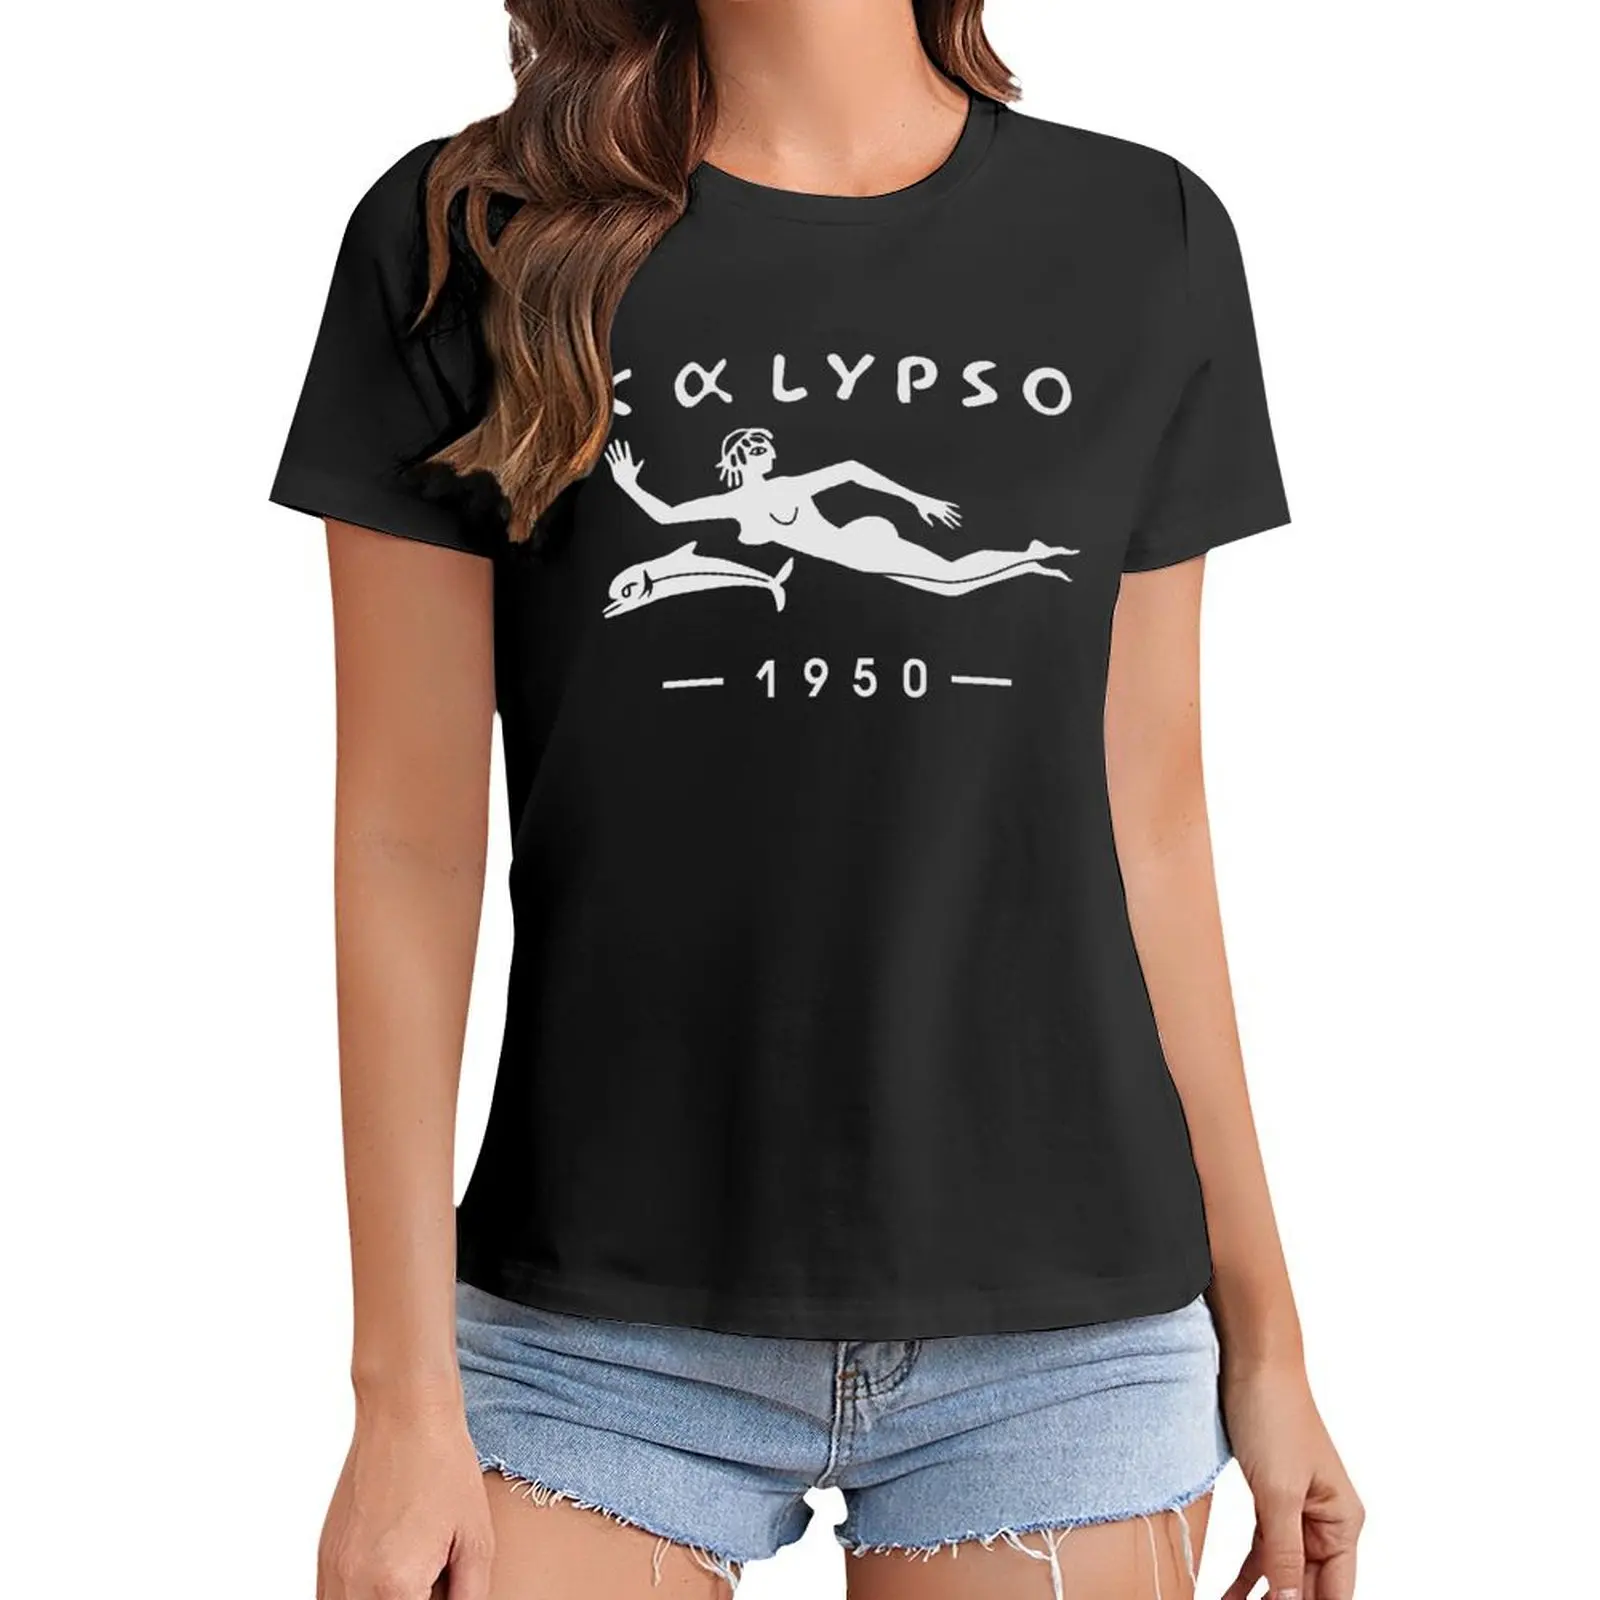 

RV Calypso, Jacques Yves Cousteau T-Shirt korean fashion graphics customs t shirts for Women graphic
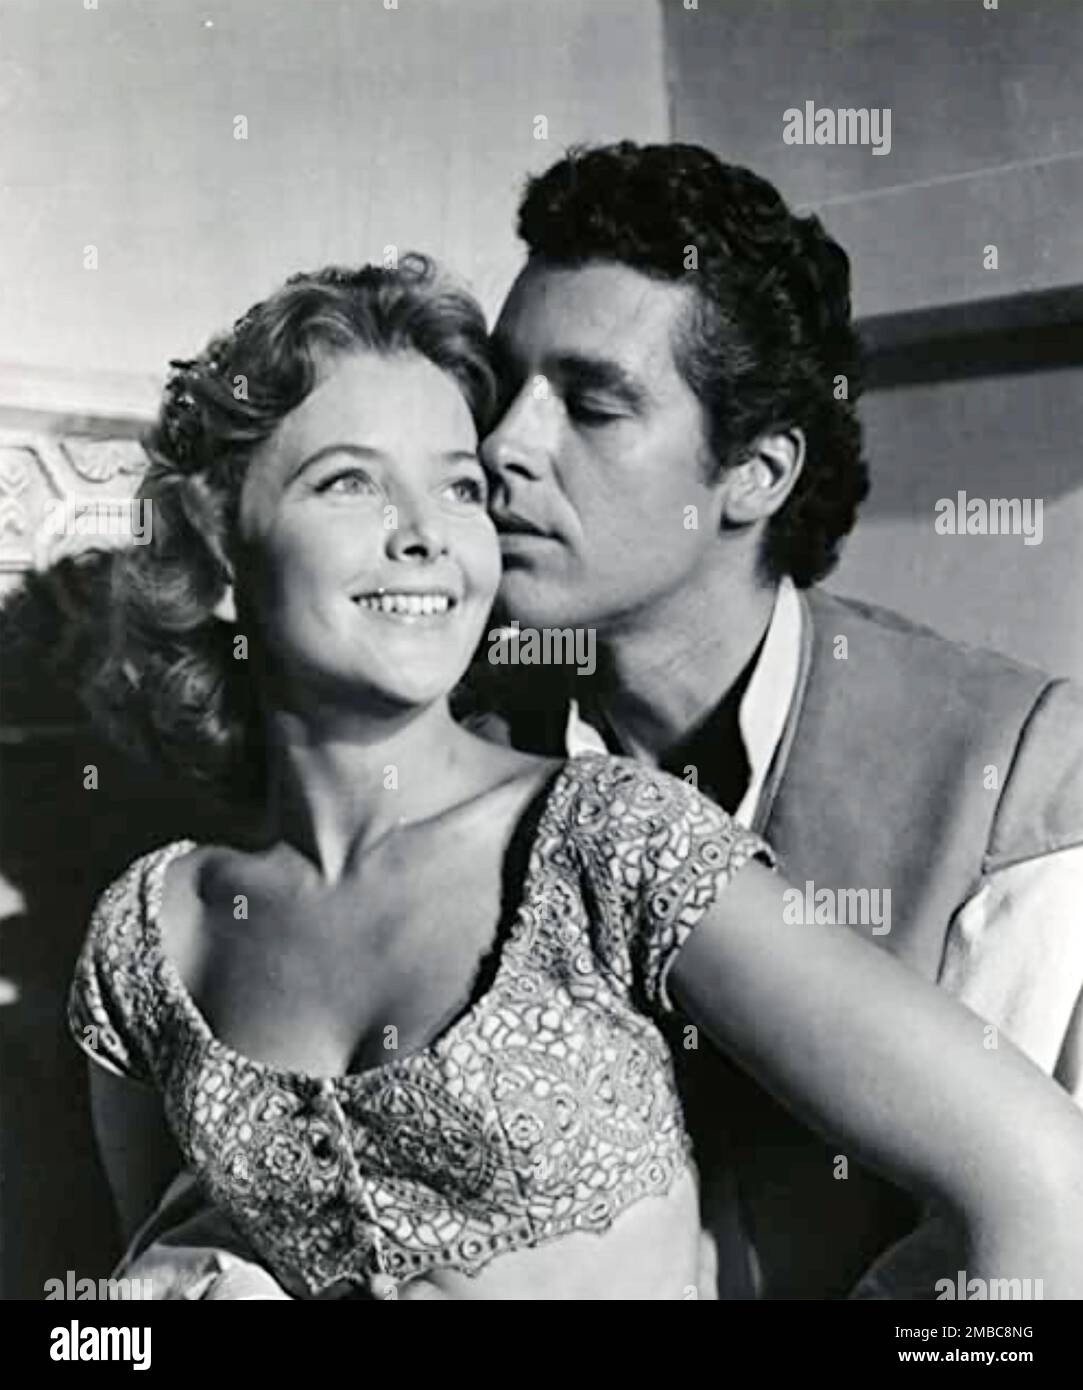 THE 2 WORLDS OF GULLIVER 1960 Columbia Pictures film with Kerwin Mathews and June Thorburn Stock Photo
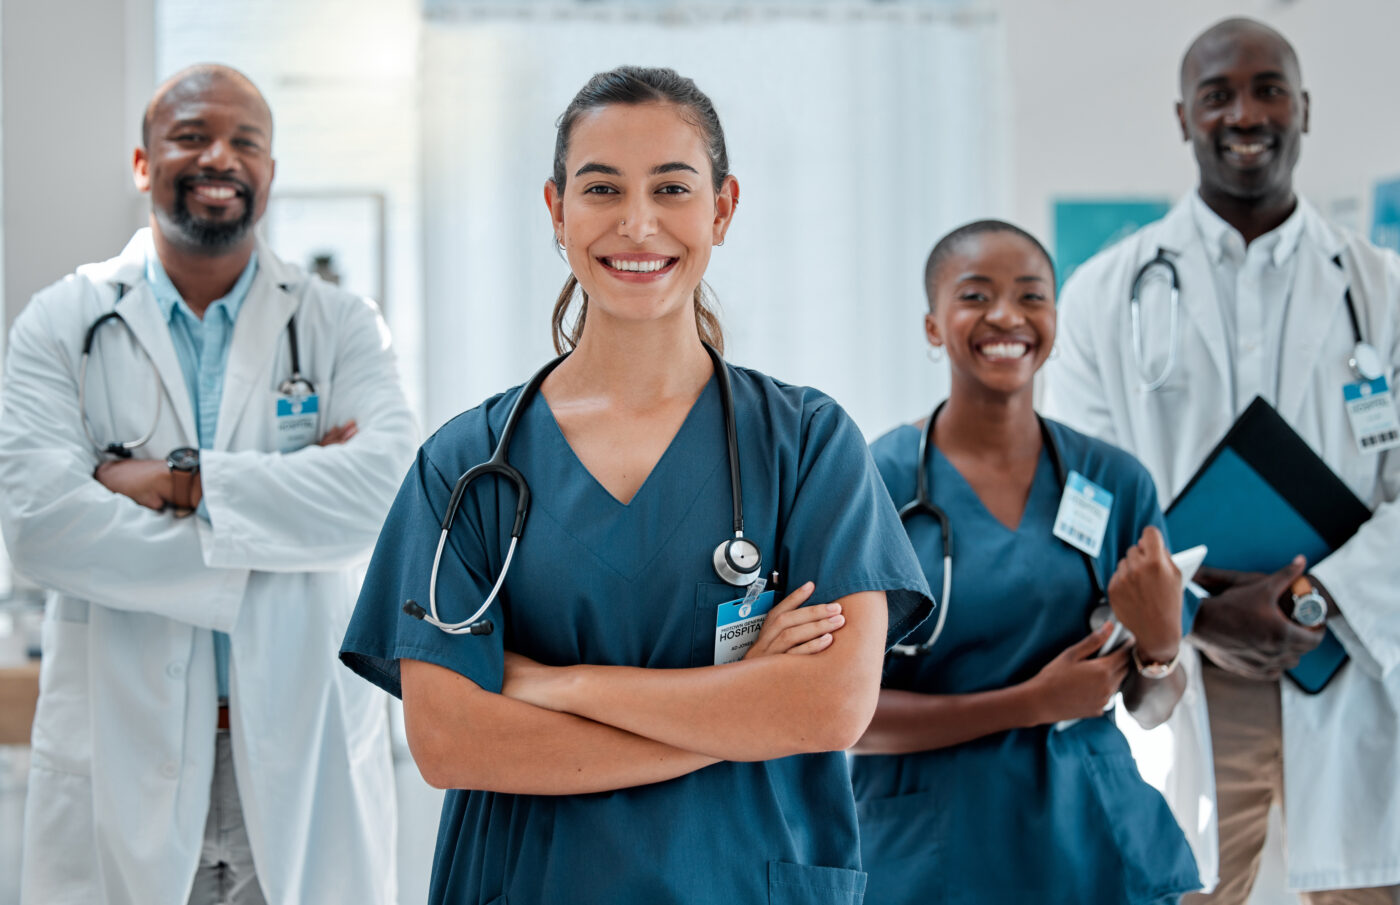 4 Good Clinical Goals For Every Nursing Student
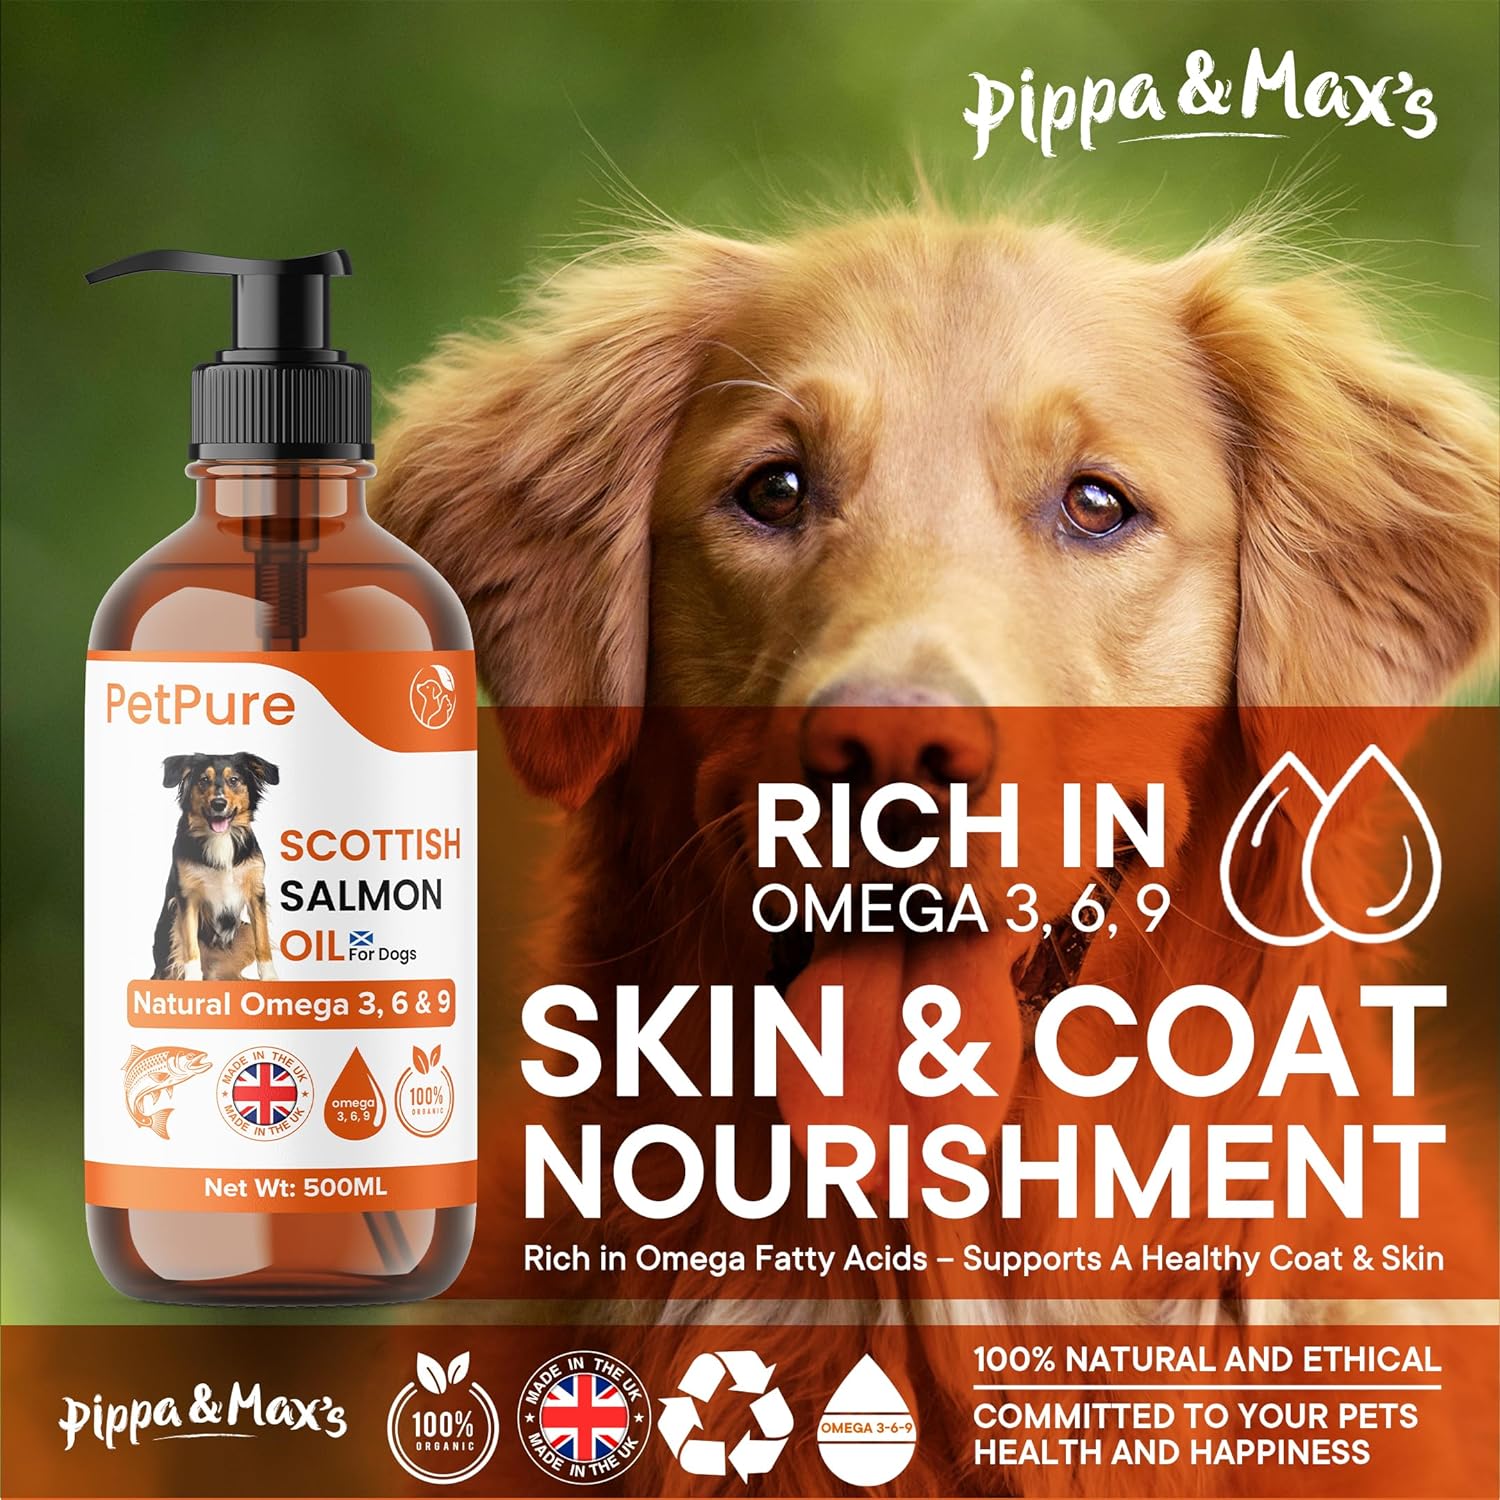 Pippa & Max Scottish Salmon Oil for Dogs & Pets (500ml) - Pure Omega 3, 6 & 9 Fish Oil Liquid Supplement for Natural Coat, Immune Support, Skin Comfort, and Overall Health

════════

Give back only the lines from the one that carries "THE 2 WORLDS" through the final line above, both included. Drop all pictures.

 THE 2 WORLDS OF GULLIVER 1960 Columbia Pictures film with Kerwin Mathews and June Thorburn Stock Photo
 4 Good Clinical Goals For Every Nursing Student
 Pippa & Max Scottish Salmon Oil for Dogs & Pets (500ml) - Pure Omega 3, 6 & 9 Fish Oil Liquid Supplement for Natural Coat, Immune Support, Skin Comfort, and Overall Health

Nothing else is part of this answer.